Instruct-FinGPT: Financial Sentiment Analysis by Instruction Tuning of General-Purpose Large Language Models
This work improves sentiment analysis for financial professionals by enhancing accuracy in numerical and contextual understanding, though it is incremental as it builds on existing instruction tuning methods.
The paper tackles the problem of financial sentiment analysis by addressing LLMs' limitations in interpreting numerical values and financial context, achieving state-of-the-art performance over models like ChatGPT and LLaMAs in key scenarios.

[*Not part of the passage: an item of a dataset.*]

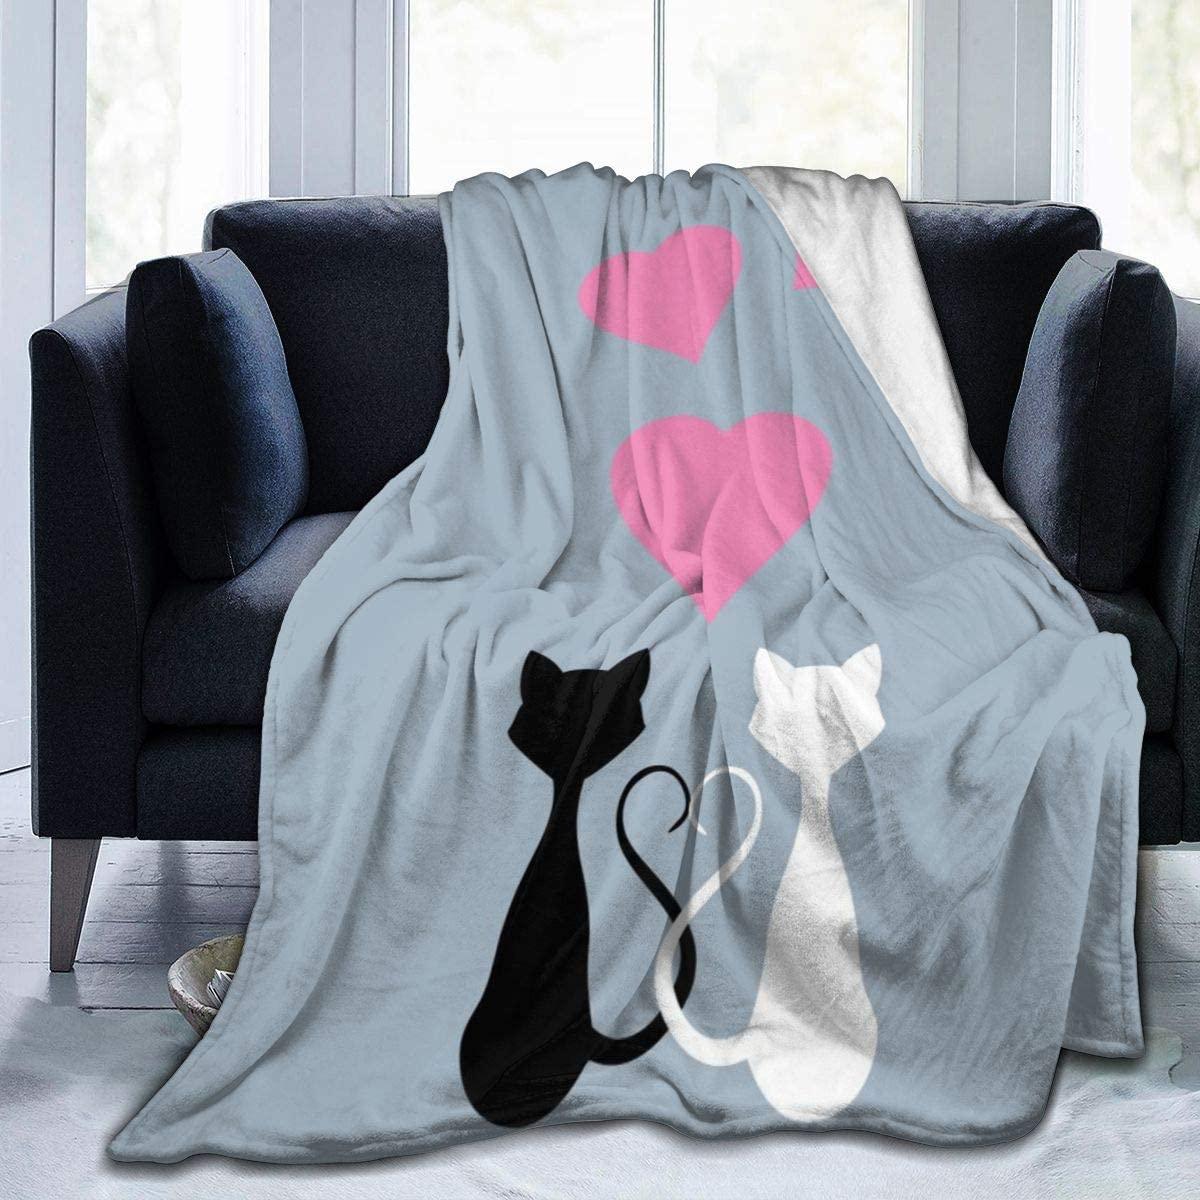 Micro Fleece Plush Soft Baby Blanket Cute Cartoon Cats Love Pink Hearts Fluffy Warm Toddler Bed/Crib Blanket Lightweight Flannel Daycare Nap Kids Sleeping Tummy Time Throw Blanket Girls Boy Kid/Baby
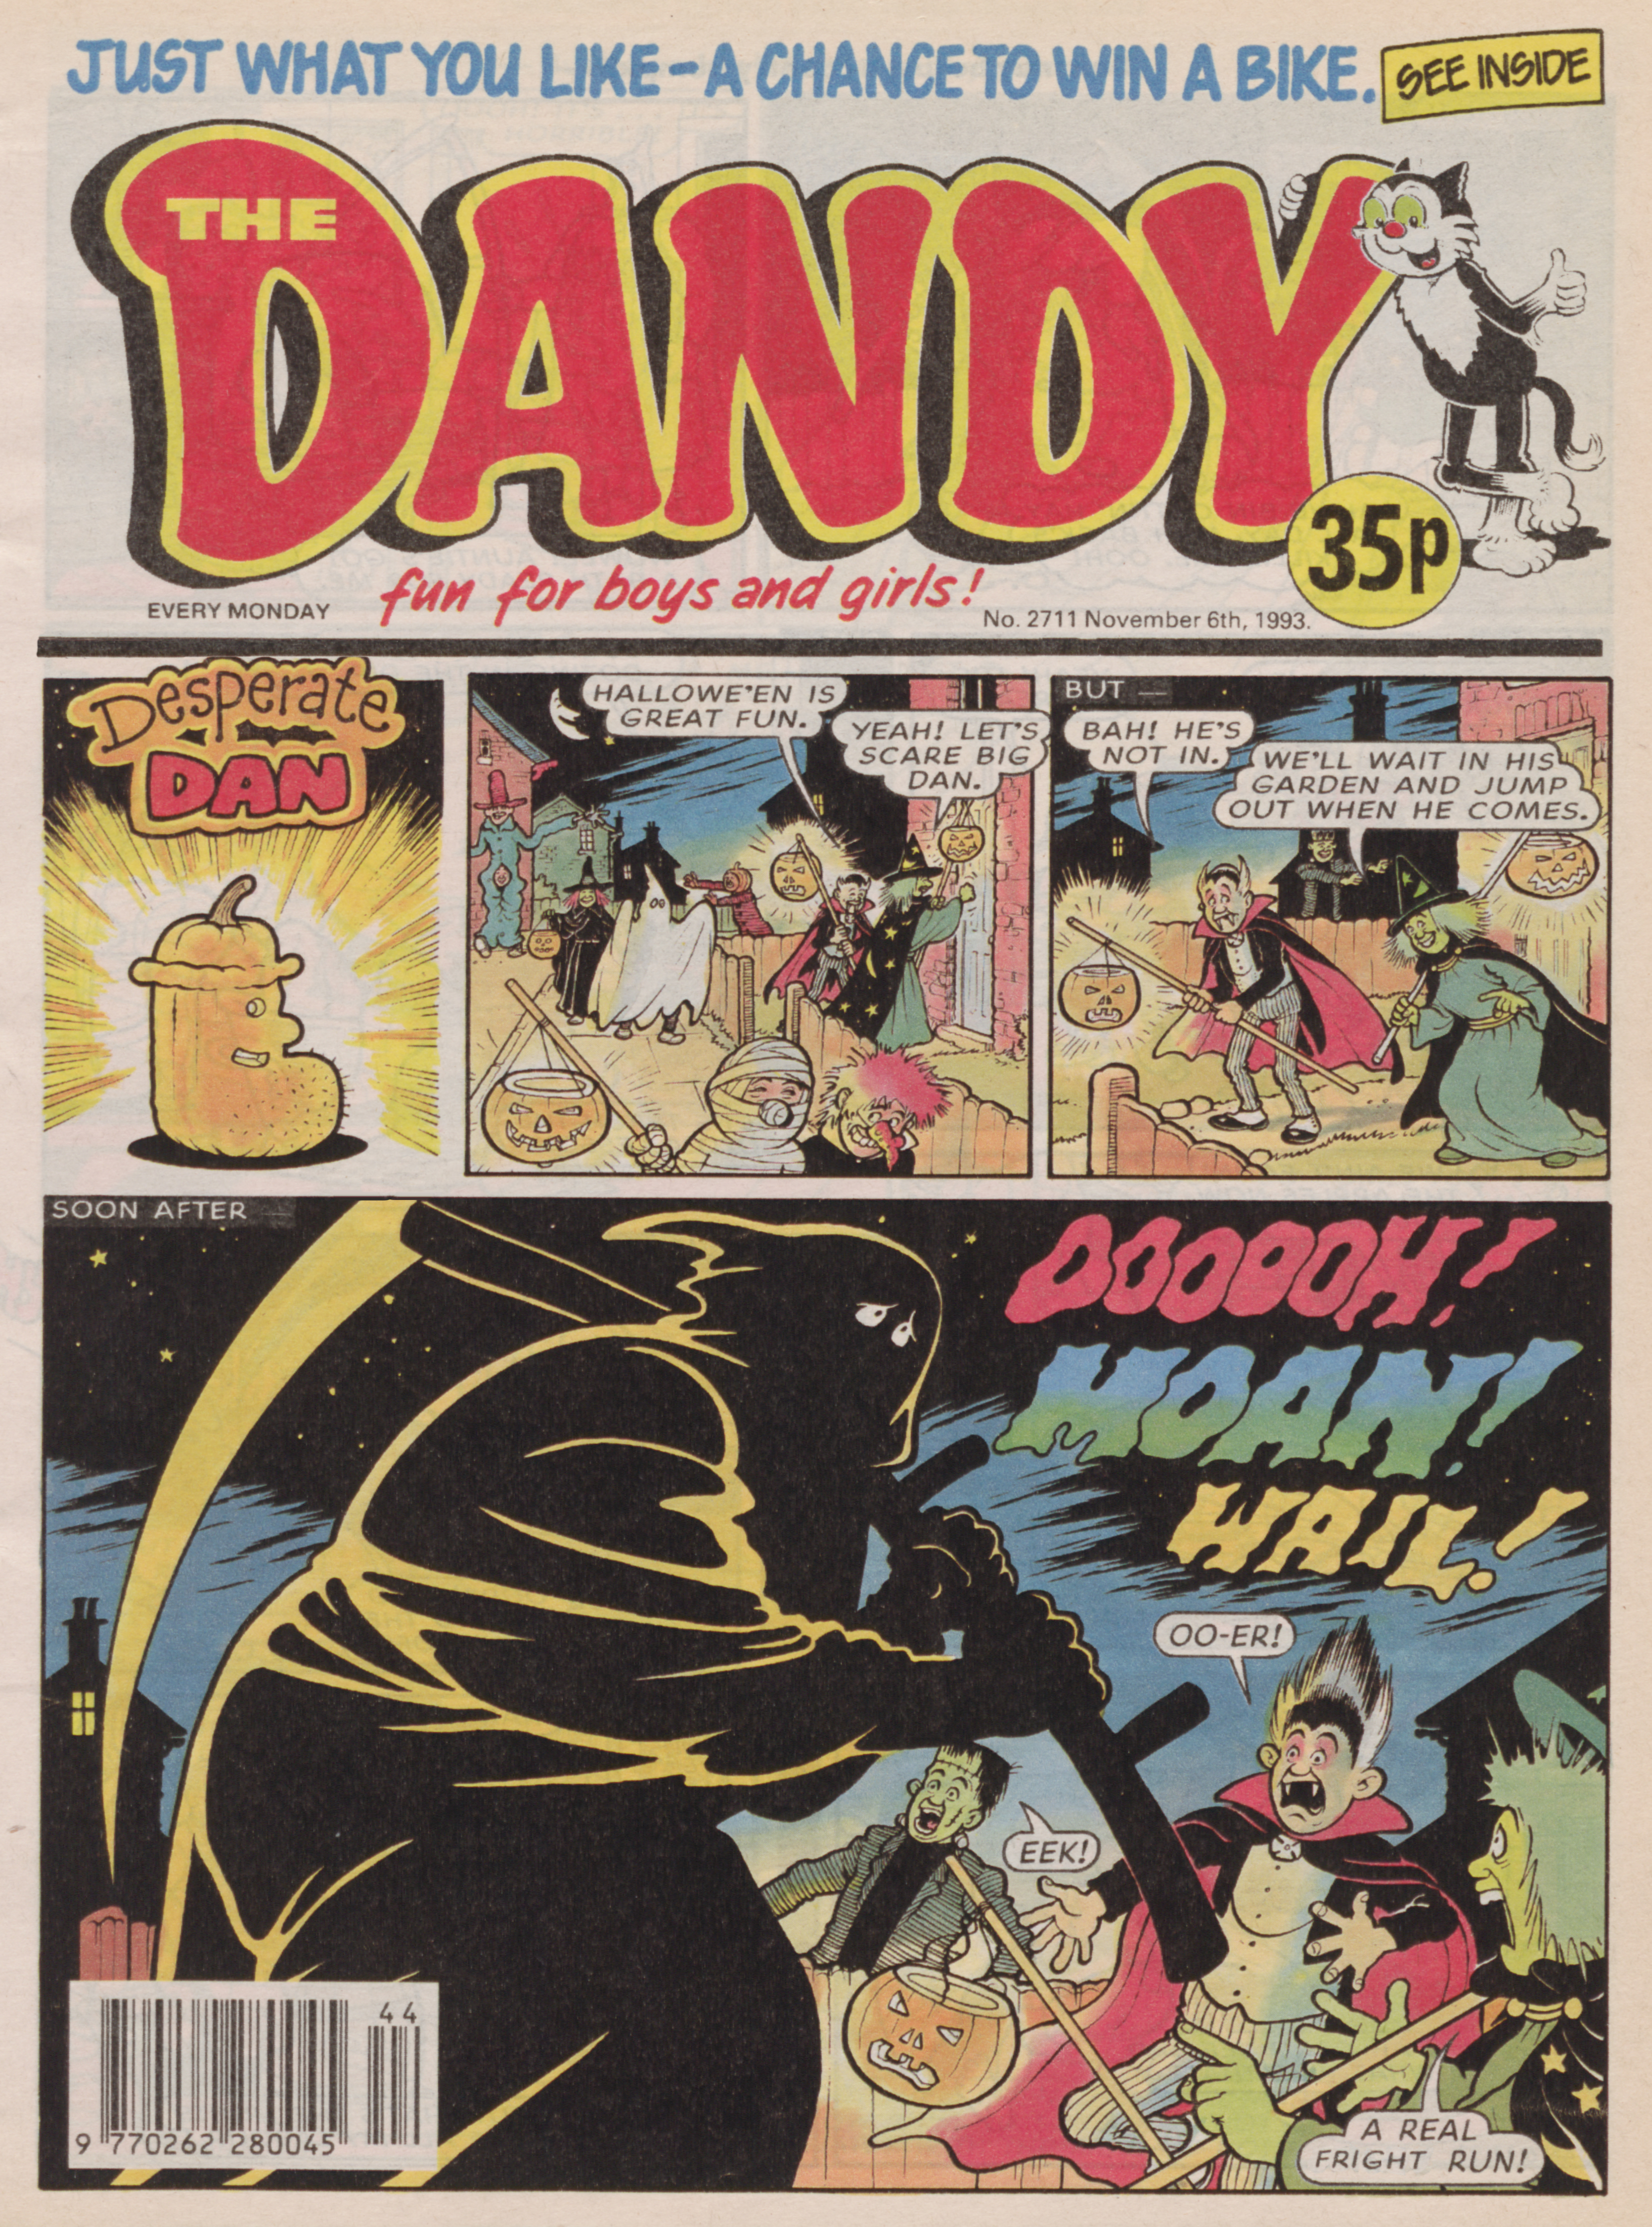 Desperate Dan: Dandy No. 2711, November 6th, 1993 COVER

Sentiment analysis is a vital tool for uncovering insights from financial articles, news, and social media, shaping our understanding of market movements. Despite the impressive capabilities of large language models (LLMs) in financial natural language processing (NLP), they still struggle with accurately interpreting numerical values and grasping financial context, limiting their effectiveness in predicting financial sentiment. In this paper, we introduce a simple yet effective instruction tuning approach to address these issues. By transforming a small portion of supervised financial sentiment analysis data into instruction data and fine-tuning a general-purpose LLM with this method, we achieve remarkable advancements in financial sentiment analysis. In the experiment, our approach outperforms state-of-the-art supervised sentiment analysis models, as well as widely used LLMs like ChatGPT and LLaMAs, particularly in scenarios where numerical understanding and contextual comprehension are vital.